Sacagaweas letzte Jahre und ihr Vermächtnis

Drei Jahre später, im Herbst 1809, wagten sich Sacagawea, Charbonneau und Baptiste nach St. Louis, wo Charbonneau auf ein Angebot des gutherzigen Clark einging: Clark würde der Familie Charbonneau Land zur Bewirtschaftung zur Verfügung stellen, wenn die Eltern zustimmen würden, dass Clark Baptiste ausbildet. Das mit der Landwirtschaft klappte jedoch nicht, und Sacagawea und Charbonneau ließen Baptiste im April 1811 in St. Louis bei Clark – inzwischen sein Patenonkel – zurück, damit sie sich einer Pelzhandelsexpedition anschließen konnten.

Im August 1812, nach der Geburt einer Tochter, Lisette (oder Lizette), verschlechterte sich Sacagaweas Gesundheitszustand. Im Dezember erkrankte sie schwer an „fauligem Fieber“ (möglicherweise Typhus).

Sie starb im Alter von 25 Jahren, am 22. Dezember 1812, im einsamen, kalten Fort Manuel auf einer Klippe 70 Meilen südlich des heutigen Bismarck.
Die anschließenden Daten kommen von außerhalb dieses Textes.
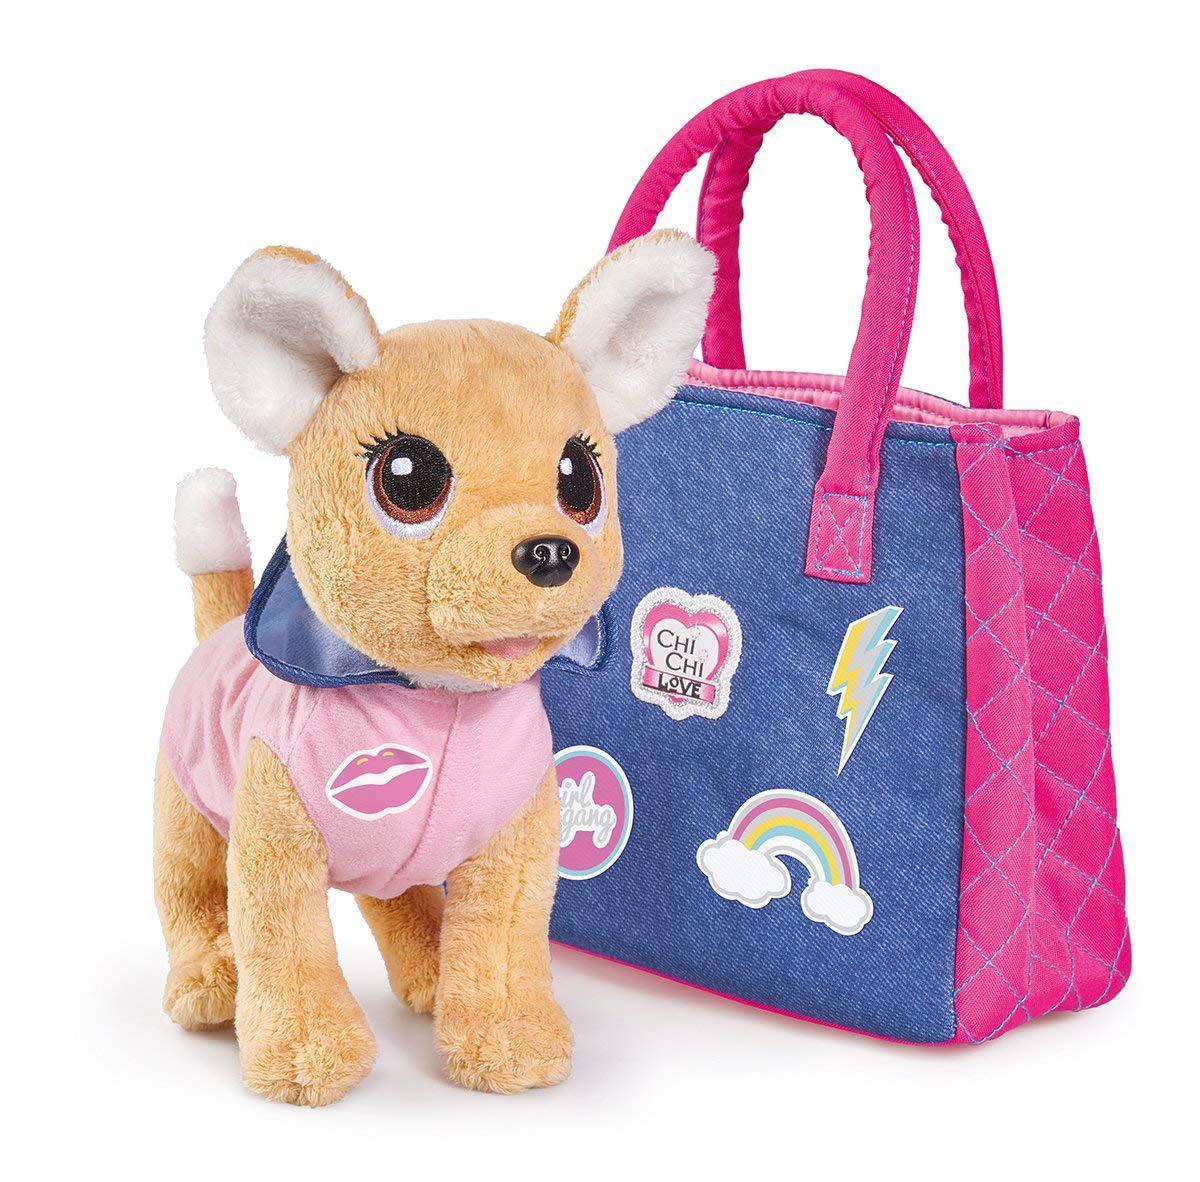 Собачка Фешн Чихуахуа Городской стиль с сумочкой CHI CHI LOVE Simba 5893244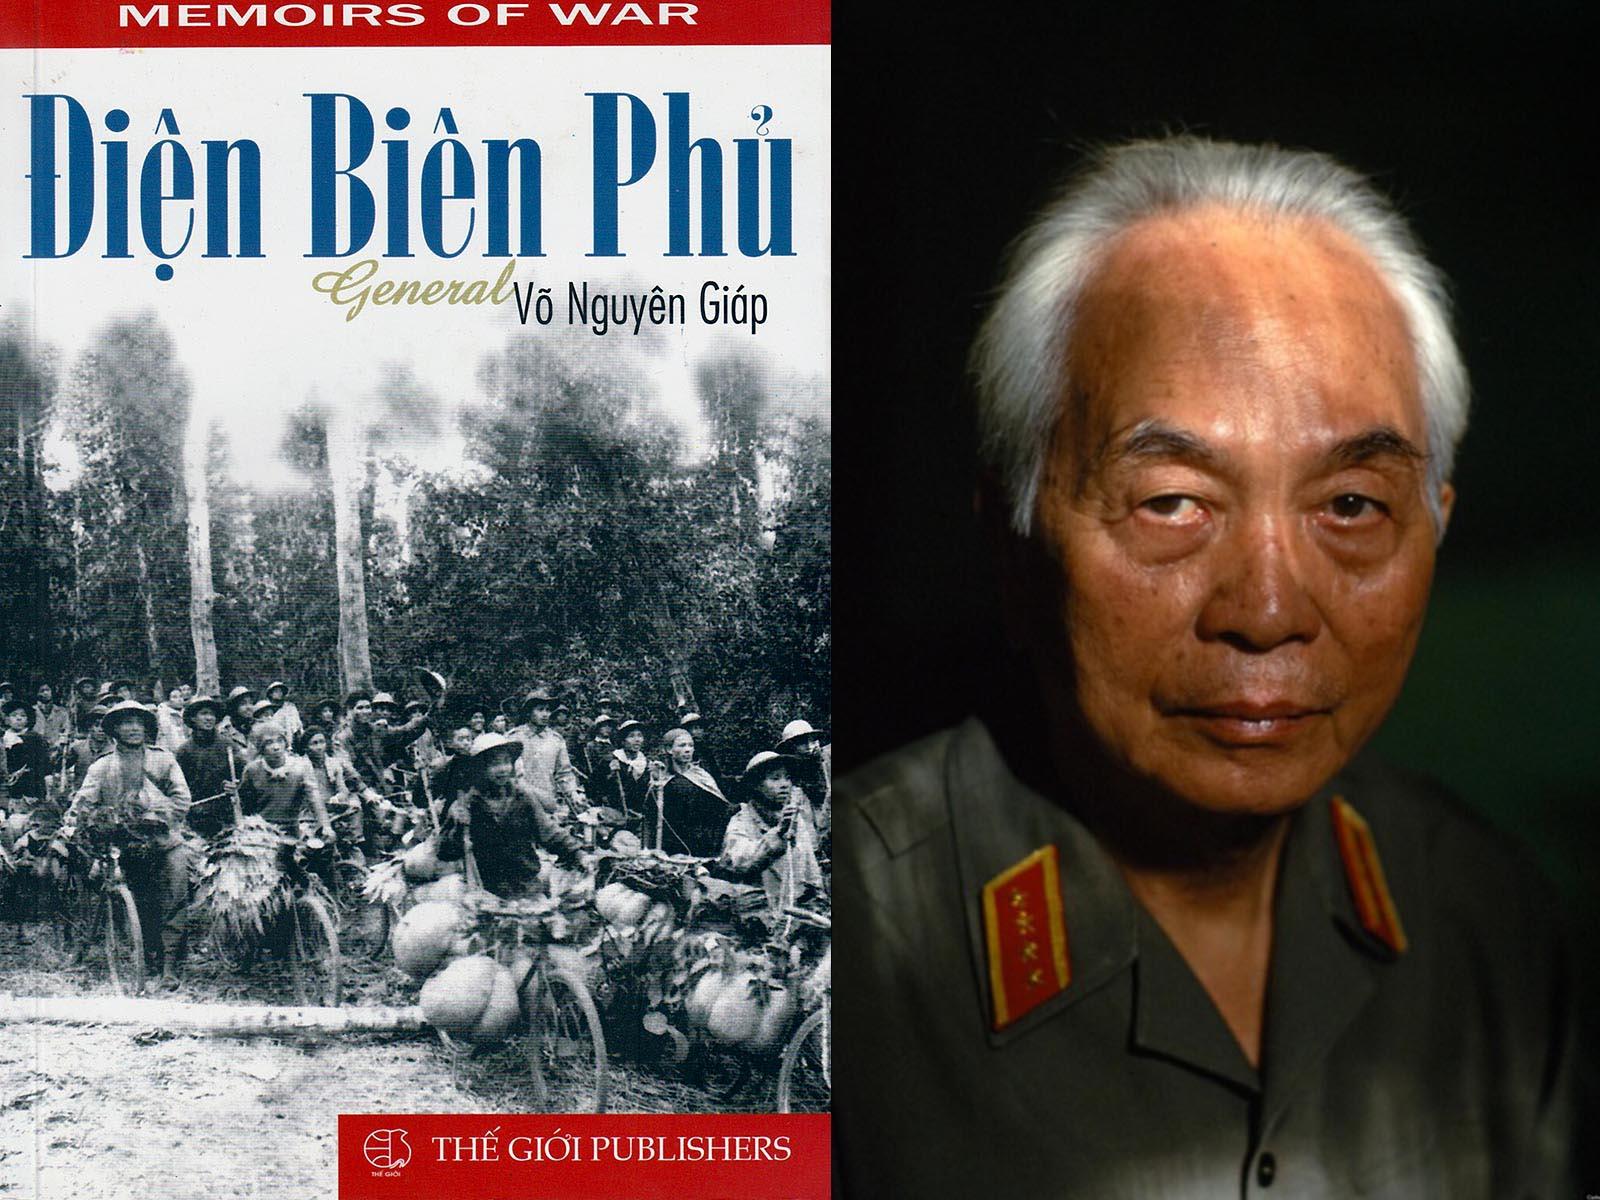 """Le memorie del generale Giap e la storia maledetta della """"benzina solida"""""""

Innerhalb eines Jahres wurde Clark der gesetzliche Vormund von Lisette und Baptiste. Während über Lisettes Leben nur wenig bekannt ist, reiste Baptiste durch Europa und hatte eine Reihe von Jobs im amerikanischen Westen inne, bevor er 1866 starb. Charbonneau starb 1843.

Sacagaweas fiktionalisiertes Bild als „echte Indianerprinzessin“ wurde zu Beginn des 20. Jahrhunderts vor allem durch einen populären Roman von Eva Emery Dye aus dem Jahr 1902 verbreitet, der sich bei der Schilderung der Mühen der Lewis-und-Clark-Expedition Freiheiten nahm. Die Frauenrechtlerin Dye begnügte sich nicht damit, die damals bekannten Fakten über Sacagawea wiederzugeben; sie wollte aus ihr ein überzeugendes Beispiel für weibliche Tapferkeit und Intelligenz machen, und es machte ihr nichts aus, die Geschichte zu diesem Zweck umzuschreiben. „Aus ein paar trockenen Knochen, die ich in den alten Erzählungen über die Reise fand, schuf ich Sacajawea…“ schrieb Dye in ihrem Tagebuch. Heute sind einige Wissenschaftler der Meinung, dass die romantisierten Versionen der Sacajawea-„Legende“, die vor und nach der Veröffentlichung von Dyes Roman verbreitet wurden, der wirklichen Frau einen schlechten Dienst erweisen, da ihr wahres Vermächtnis für sich selbst spricht.